Table Extraction with Machine Learning Models

John Feng · March 1, 2023

figure1
Concepts - Computer Vision, Detection Transformer, Table Detection, Table Extraction, Optical Character Recognition (OCR)
Table extraction from documents using machine learning involves training algorithms to automatically identify and extract tables from a given document. This process can be challenging, as tables can come in various formats and layouts, and may be embedded within larger documents such as research papers, reports, or financial statements.

Streamlit App Video Demo
The app is not published due to copyright issues

Table of Contents

Motivation

Table extraction from documents using machine learning involves training algorithms to automatically identify and extract tables from a given document. This process can be challenging, as tables can come in various formats and layouts, and may be embedded within larger documents such as research papers, reports, or financial statements.

To extract tables from documents, machine learning models are trained on large datasets of annotated tables. These datasets may include examples of tables in various formats and layouts. Algorithms may be trained using supervised learning methods, such as convolutional neural networks or support vector machines, to learn features that can distinguish between tables and non-table content.

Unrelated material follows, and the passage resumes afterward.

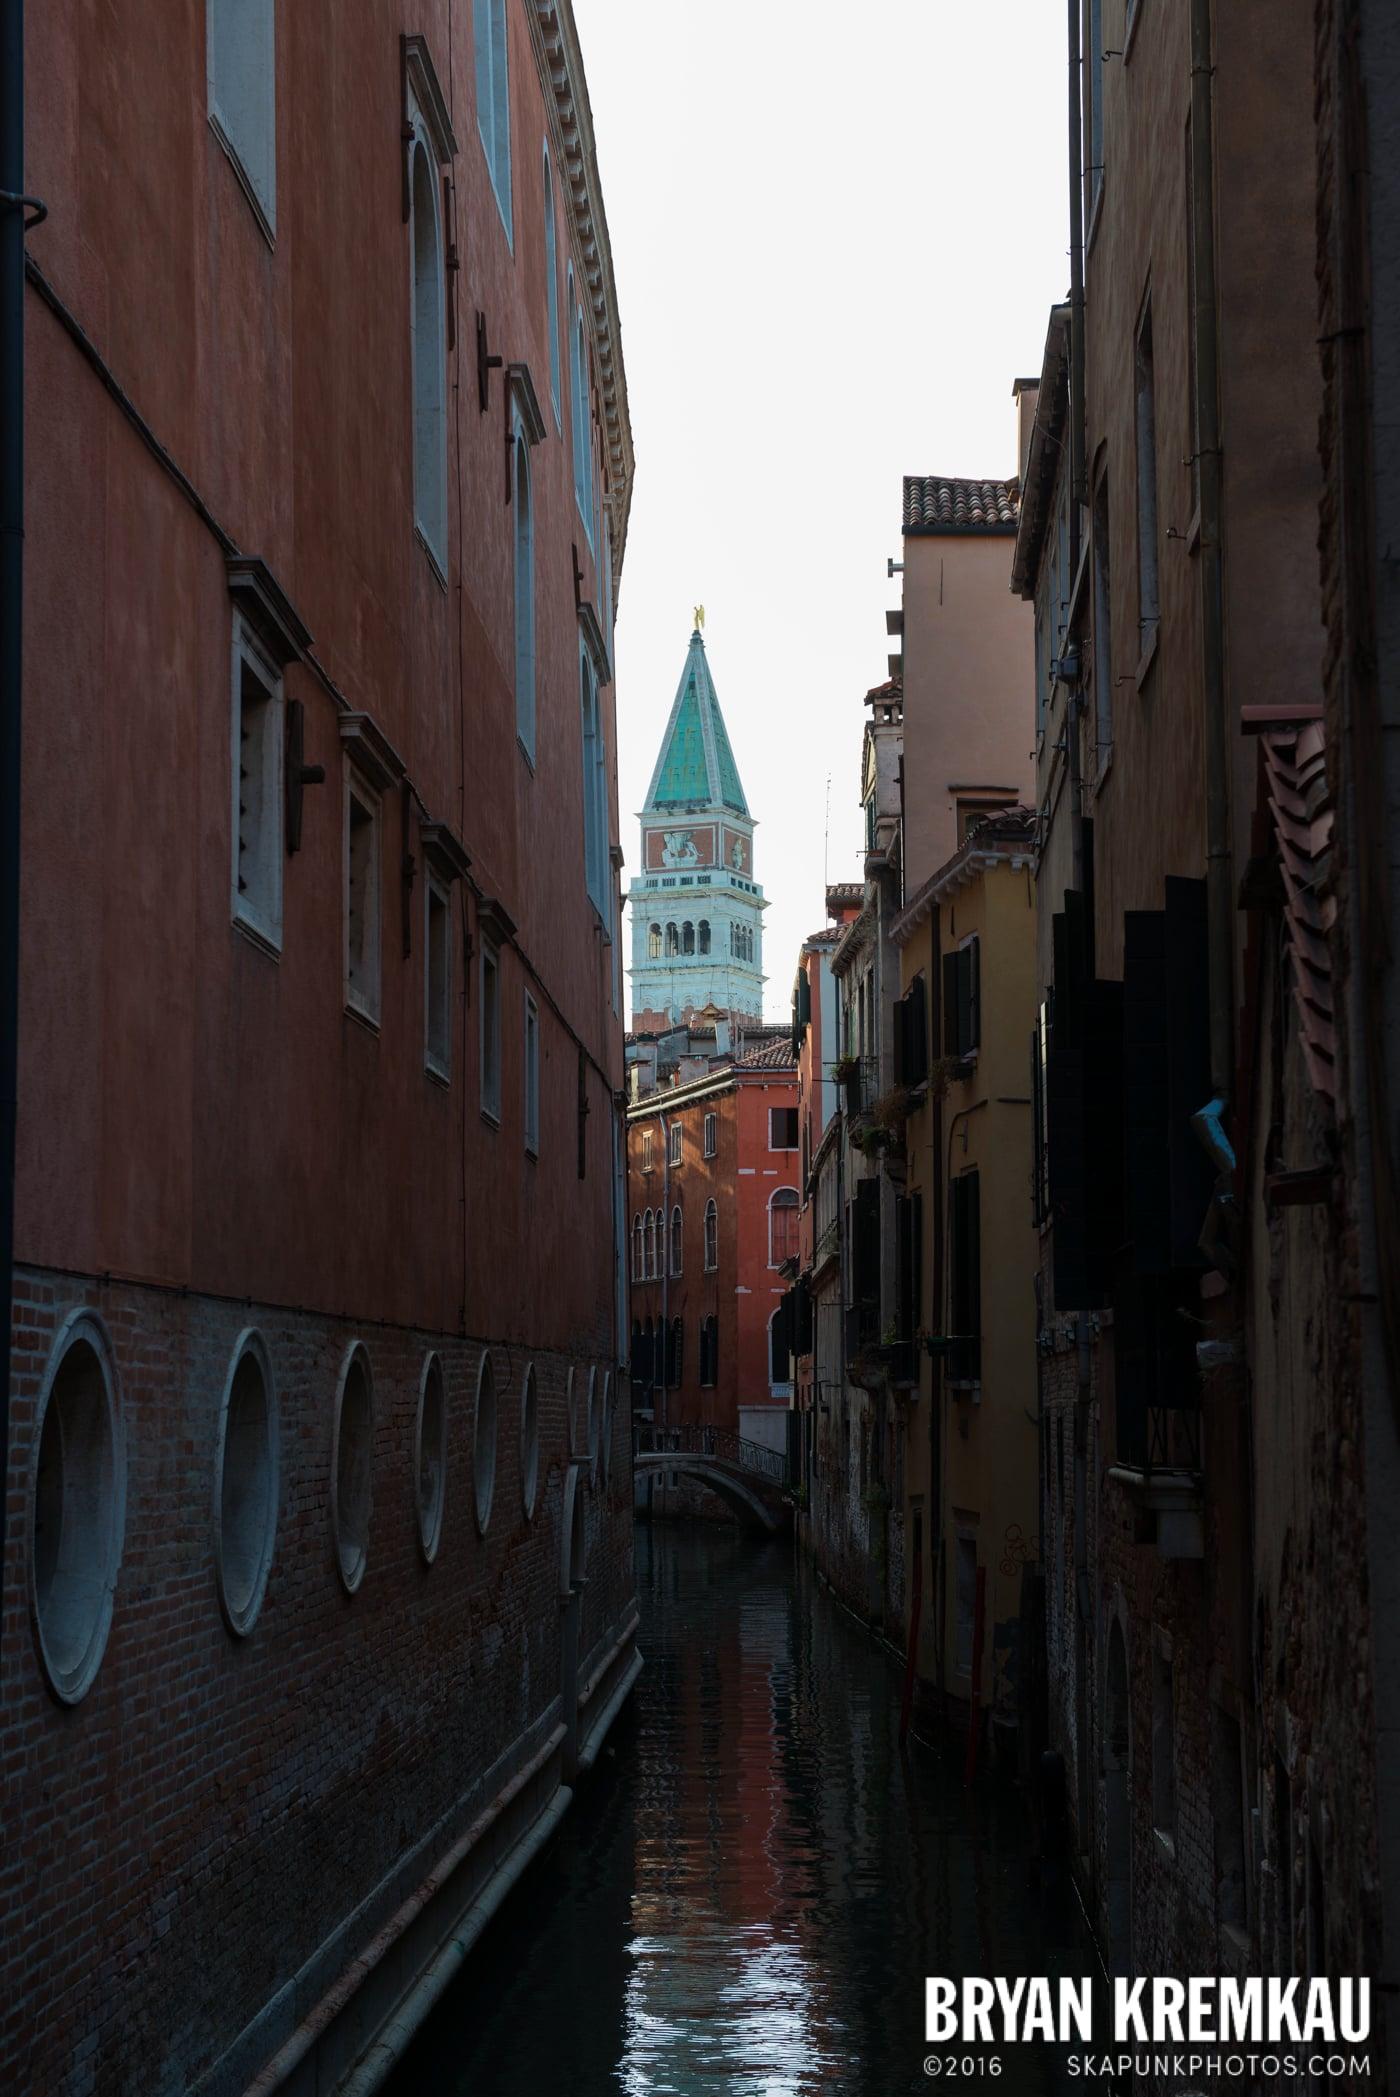 Italy Vacation - Day 6: Murano, Burano, Venice - 9.14.13 (103)
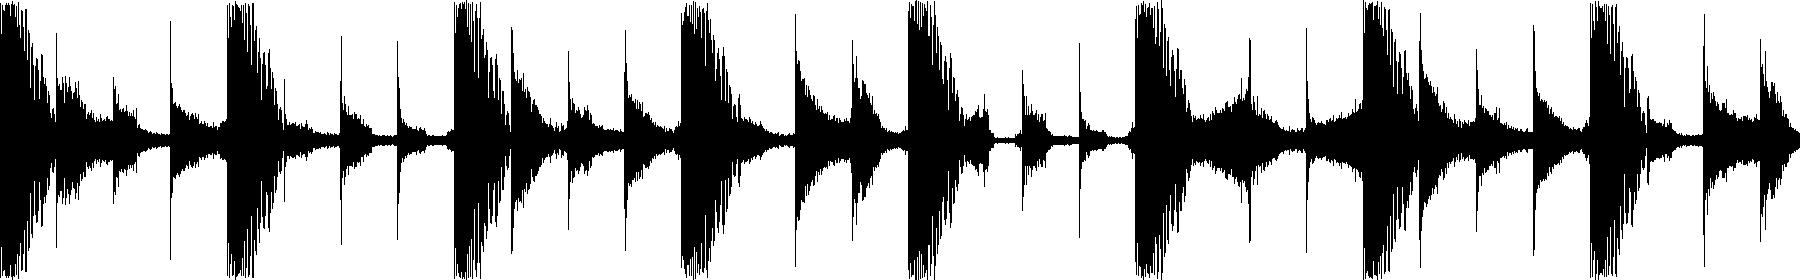 shg drum loop 15

Once the model is trained, the ideal case is to use the model to detect tables in a document and accurately parse the table into its constituent features such as headers, rows, and columns. This process is aided by the preprocessing of the document to remove noise and enhance resolution and contrast. The model then uses its learned features to identify whether the region contains a table or non-table content, and extracts the table accordingly.

Table extraction from documents using machine learning has numerous applications, including data analysis, document management, and information retrieval. It can save significant time and resources compared to manual extraction methods, especially for large or complex documents with multiple tables. However, the accuracy of table extraction can be affected by factors such as the quality and consistency of input data, as well as the complexity of the document layout.

Introduction to Table Extraction

A very accurate model has been developed by a team at Microsoft [1]. They trained their DETR (End-to-end Object Detection with Transformers) -based model on a very large dataset of approximately 1 million annotated tables. The original tables were scraped from the PubMed Central Open Access (PMCAO) database. The Microsoft team also formulated their own scoring criteria, Grid Table Similarity (GriTS), for assessing the accuracy of their model [2].

figure1

The entire table extraction process is best separated into these main steps:

Table Detection (TD)

  • Finding the table in a page or document

Table Structure Recognition (TSR)

  • Recognizing the fundamental features of a table such as rows and columns

Functional Analysis (FA)

  • More advanced detection of functional features of the table such as column headers and project row headers

Data Extraction (DE)

  • Extracting the content of the table into a relational database (e.g. dataframe, excel, or csv file)

figure1

This figure is taken from reference [1]. Illustration of the first 3 subtasks of table extraction.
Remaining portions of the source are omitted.